Cadence/gearing query


#1

Hi everybody, first post and looking for some input.

I do all the TR workouts on sportcrafter rollers (with the Overdrive drum which has internal magnets) with a Power2Max crank so rely on gear changes to control the power and cadence. I’m quite happy with this setup as it’s useful to learn how much the power can change by simply increasing/decreasing cadence or changing gear.

I was doing Palisade today and due to the power target and cadence I was at 98rpm for the 1 minute under and changed up 1 sprocket (but crucially 2 teeth difference) to get 95rpm for the 2 minute over.

I’m comfortable at higher cadences, they feel natural. On the fourth interval I changed up 2 gears, so 4 tooth difference which dropped cadence down to 90 and I found this to be quite a push. It seemed incredibly slow and could feel the effort in my knees.

I have never been a strong rider but wonder if there is any mileage in persisting with this lower cadence. It brings my heart rate down but does it cost too much somewhere else?

Is it better to stay with the higher spin to tax the aerobic system instead? Or a combination of both?

I’m hoping that makes a kind of sense. Thanks


#2

I’ve found time on the trainer has slowly pushed up my ‘natural’ cadence though I’ve always been more of a spinner than a grinder.

That said I think it’s useful to have control and the ability to use a very wide range of cadences.

My old badminton coach always told us to think of the back hand like a nuclear weapon… You never really want to use it but you damn sure had to have it. So I like to apply the same thinking to various things in cycling…including cadence ranges.


#3

Assume you know this already - but the general rule of thumb is higher cadence means higher heart rate and less muscle fatigue and lower cadence means lower heart rate and more muscle fatigue. This is why endurance athletes tend to chase high cadences - your cardiovascular system recovers faster than your muscles.

So, with that as the baseline…

As @brenph mentioned - you do need some cadence range for riding outside. In particular when you’re going up a steep hill you won’t be able to happily spin away at 100 RPM and need to be able to put out sustained power at lower cadences.

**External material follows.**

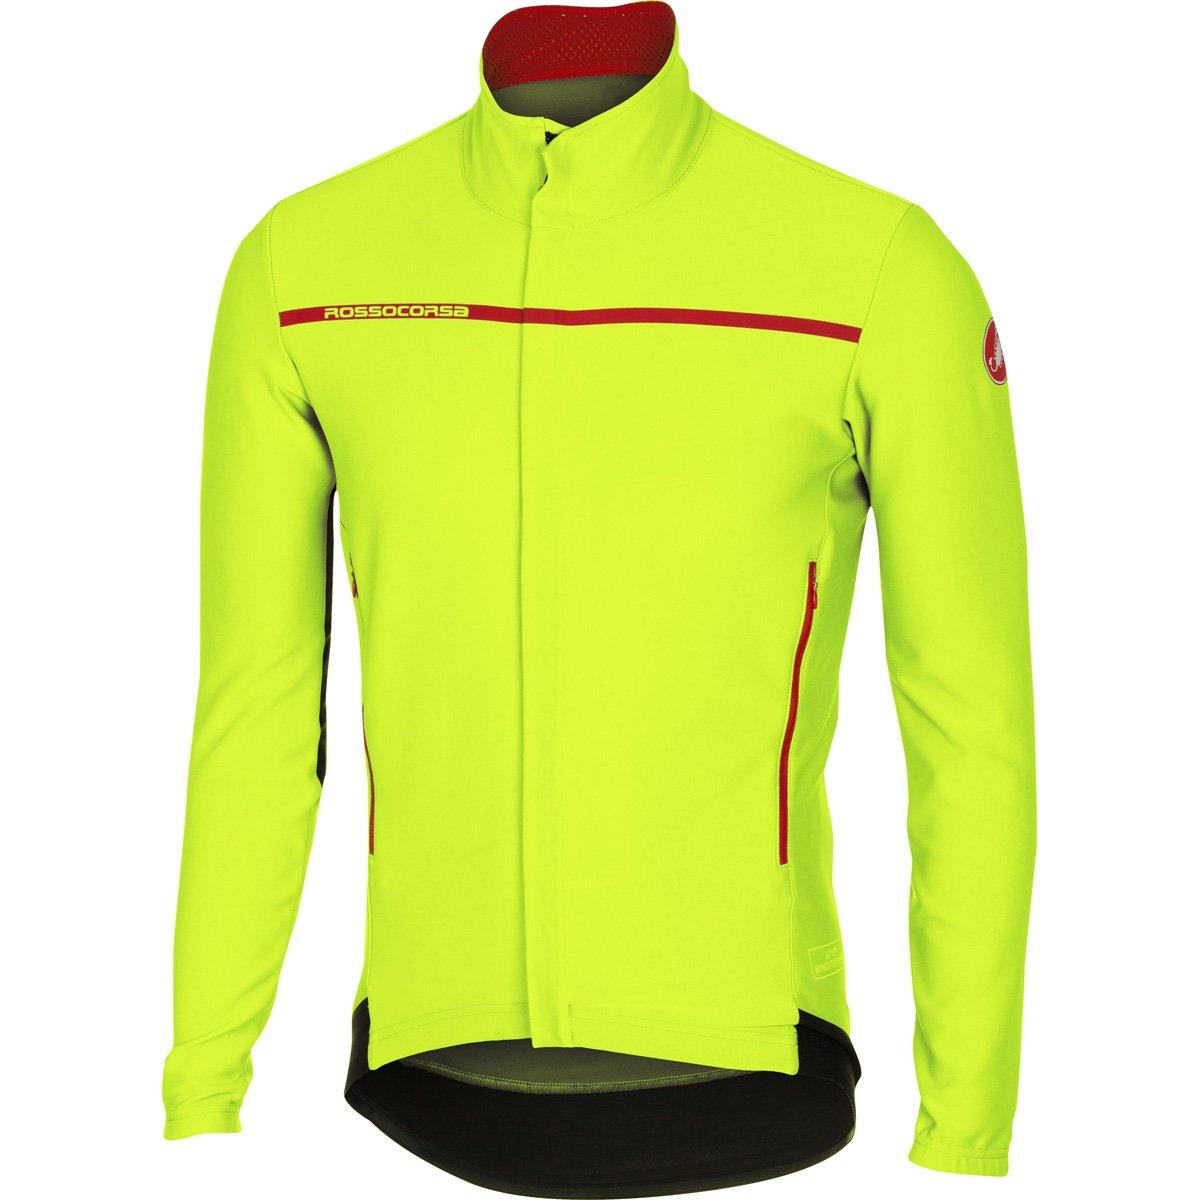 Castelli 2016 / 17メンズPerfetto長袖サイクリングジャケット – b16507 B01L2XO5WW Large|イエロー(Yellow Fluo) イエロー(Yellow Fluo) Large
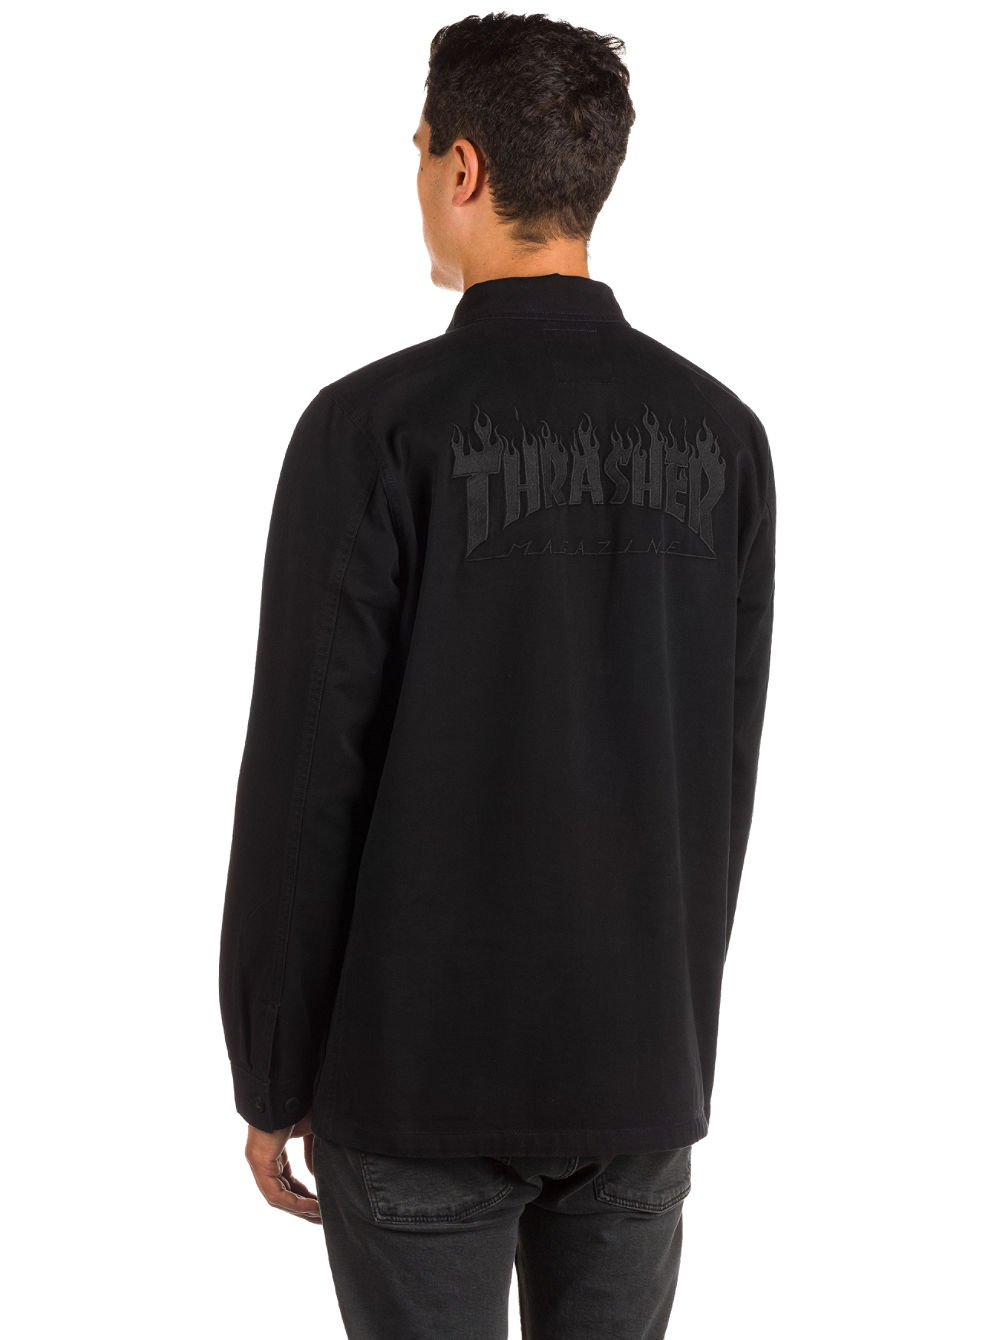 190d95bd824 Buy Vans X Thrasher M65 Jacket online at blue-tomato.com

I’d recommend that you gain the ability to ride comfortably at a variety of cadences where your lower limit is close to what you regularly run into on your outdoor rides. You don’t need to spend a TON of time at those lower cadences, but you should occasionally drop down into that range just to get used to it.


#4

Don’t forget, if you’re going up a steep hill, you probably won’t be able to hold that 90+ cadence. Some of the steeper hills round here, i’m grinding at 45-50rpm on a 25% grade using a 28 on the back.

It’s worth practising a wide array of cadences so you don’t get caught out :slight_smile:


#5

Hey, thanks for the input.

I like your badminton back hand analogy brenph.

You all confirmed what I suspected but I was just curious to hear what others thought.


#6

Power is a function of both force and speed, ie how hard and fast can you turn the pedals. You can train both. Low cadence efforts can increase force, but to increase power you need to generate that force quickly. Therefore you need to also do some high cadence/low resistance efforts. Low cadence work is done at around 50-60 rpm, high cadence stuff is like spin ups in an easy gear.

So long story short, yep, mix it up with some low cadence work. On my long (3-4hrs), I’ll do 3 mins low cadence (53/11) every 30 mins.